From my memory, I remember the big thing of D 2.0 was immutable/const. Essentially there was no way to shoehorn immutable (then called invariant) and const into the D compiler without breaking everything (and as one who tried to port Tango to D2, I experienced this first-hand), so the fork was made. I'm sure there was a definitive point at which this was decided. Unfortunately, I don't think DMD was even using subversion back then, so the code history may be hard to construct.

-Steve
December 04, 2018
On Tuesday, 4 December 2018 at 19:37:04 UTC, Steven Schveighoffer wrote:
> From my memory, I remember the big thing of D 2.0 was immutable/const.

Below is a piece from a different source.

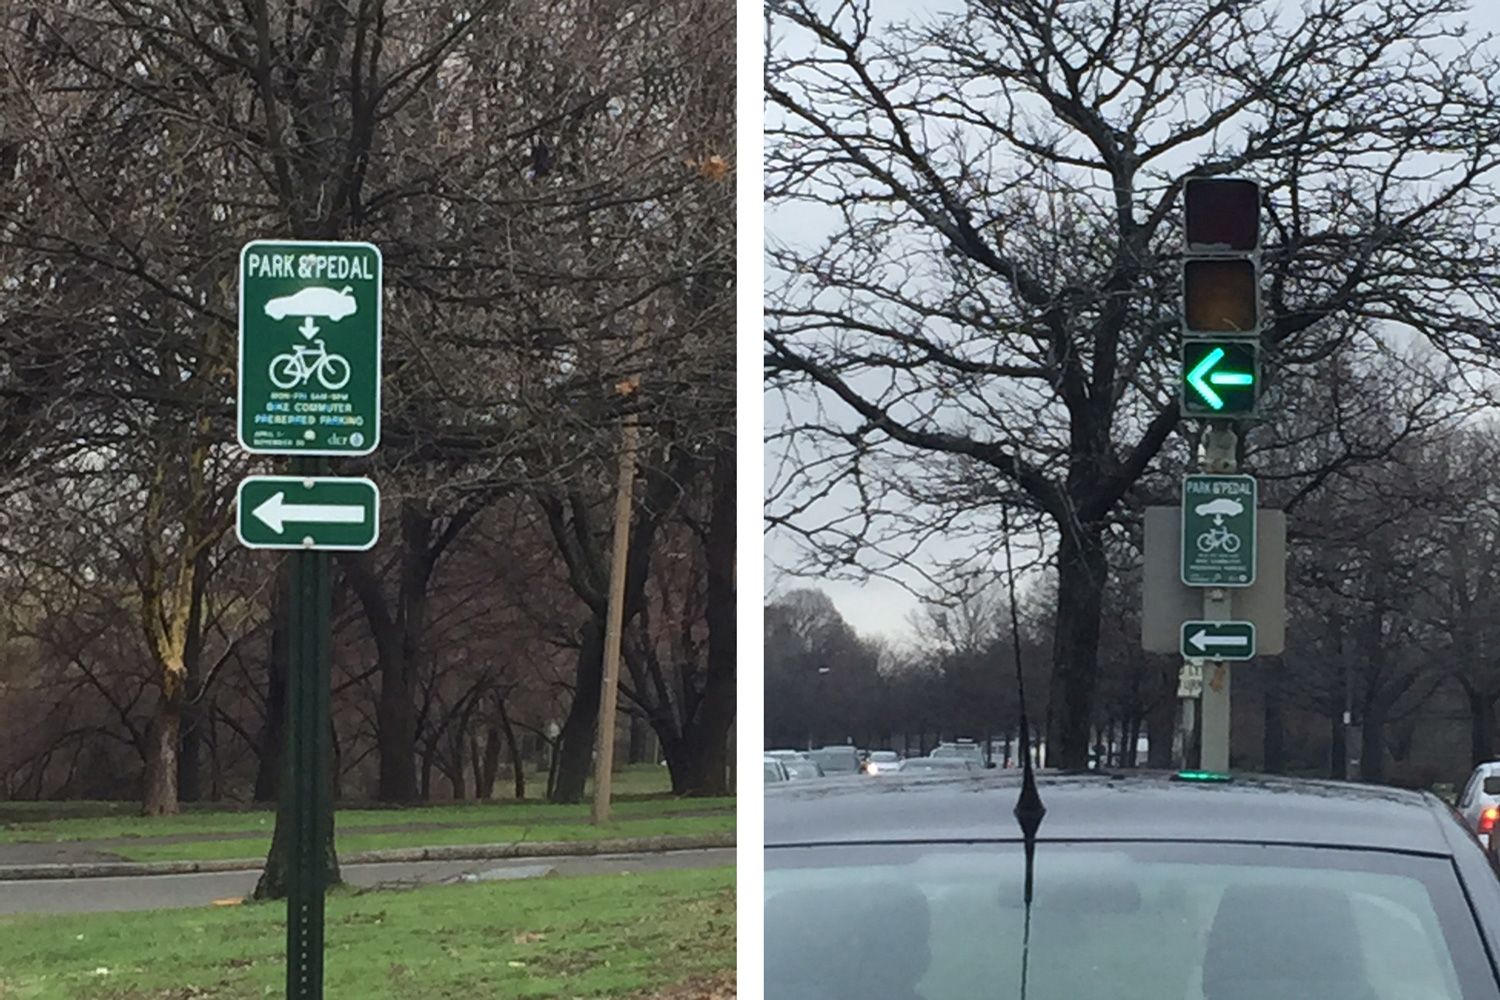 Herter Park&Pedal Signs early 2015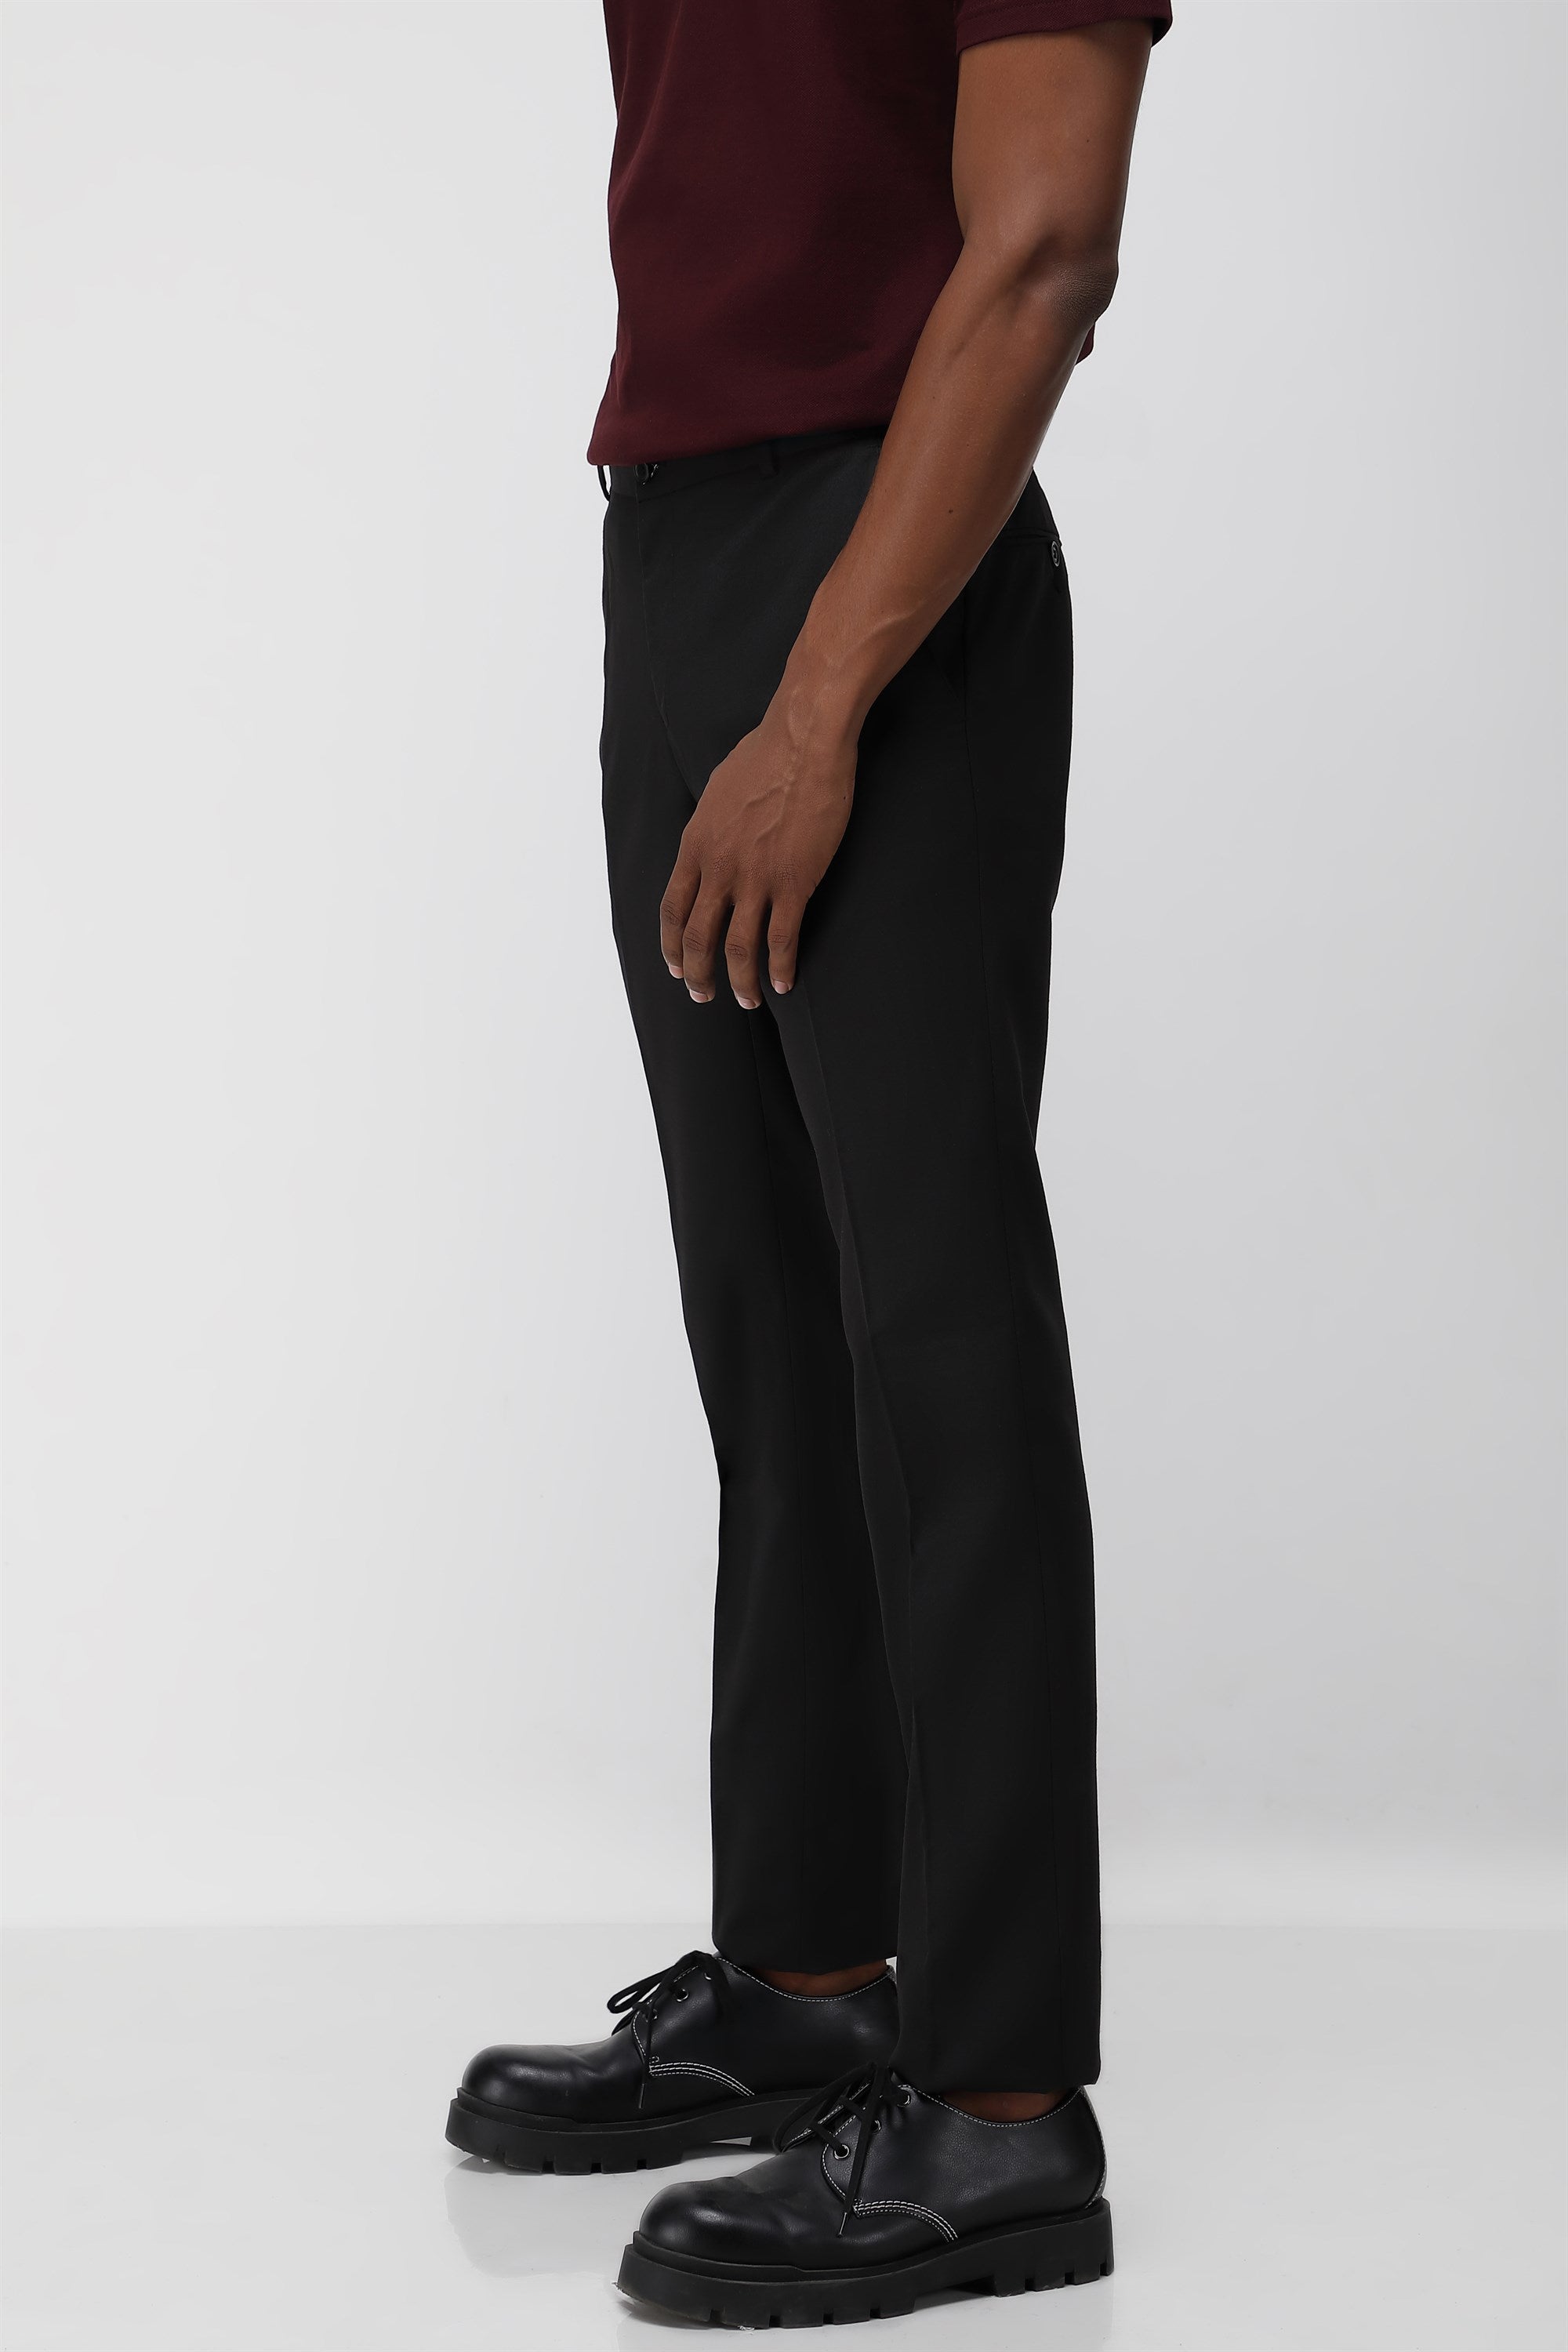 T the brand Stretch Formal Flat Front Trouser - Black

Well, it is certainly the most definitive change of the era, but if not that, it would have just been something else - D has always been evolving and that wasn't going to actually stop.

D1 wasn't some designed end point that reached completion... it was just a random spot along the path.

> Unfortunately, I don't think DMD was even using subversion back then, so the code history may be hard to construct.

The changelog can help piece it together.